In openQA testing we've noticed a lot of failures of install tests
since kernel-6.13.0-0.rc0.20241125git9f16d5e6f220.8.fc42 landed in
Rawhide - that is, a snapshot of upstream git 9f16d5e6f220 . The
previous build, kernel-6.13.0-0.rc0.20241119git158f238aa69d.2.fc42 - a
snapshot of upstream 158f238aa69d - did not show this problem. The
problems persist with the latest kernel build, kernel-6.13.0-
0.rc2.22.fc42 (a build of 6.13 rc2 exactly).
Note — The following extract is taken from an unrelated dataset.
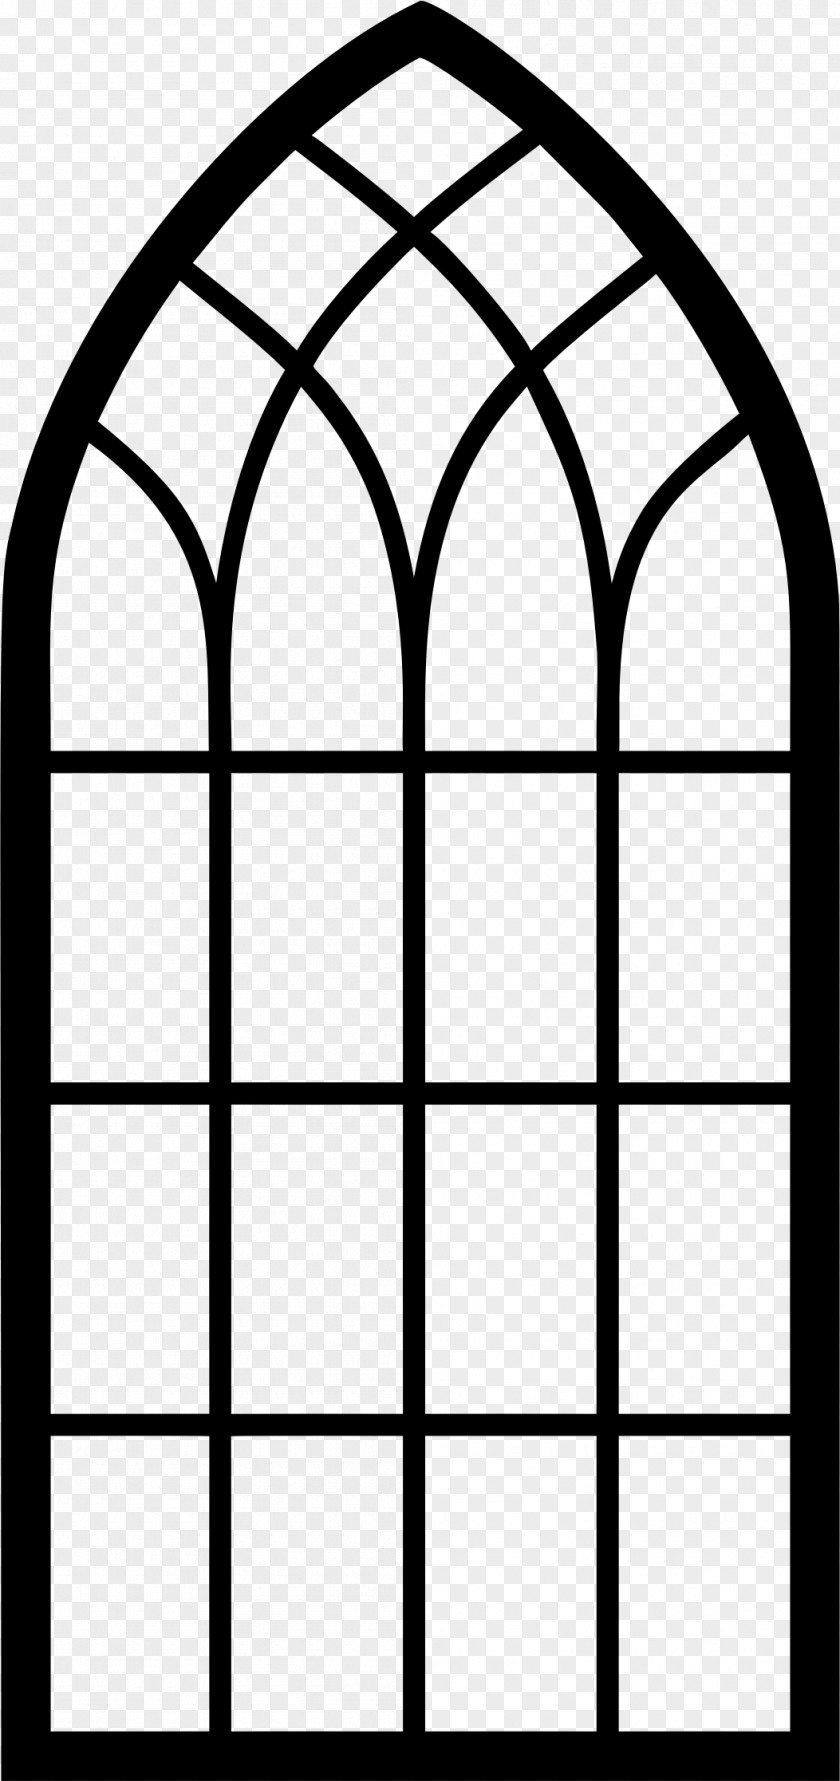 Church Window PNG clipart PNG

Both BIOS and UEFI x86_64 installs are frequently hitting kernel
crashes when the Fedora installer runs grub2-mkconfig as part of the
install process. In the BIOS case, this causes the system to hang
permanently. In the UEFI case, the system hangs for a while then
reboots, and fails to boot properly as the installation did not
complete.
I've reproduced both BIOS and UEFI failures locally with a qemu VM
configured like the one we use in the affected tests: 2 vCPUs, 4G RAM,
and CPU model Nehalem - that's `-cpu Nehalem` argument to qemu. If I
use host CPU config instead, the bug doesn't happen. We intentionally
use the Nehalem model in this testing to ensure Fedora doesn't
inadvertently stop supporting the CPU baseline it intends to support.
This happens on more than 50% of install attempts, but not all of them
(sometimes they work; I've set our test system to retry failures five
times for now to mitigate the effects of this bug).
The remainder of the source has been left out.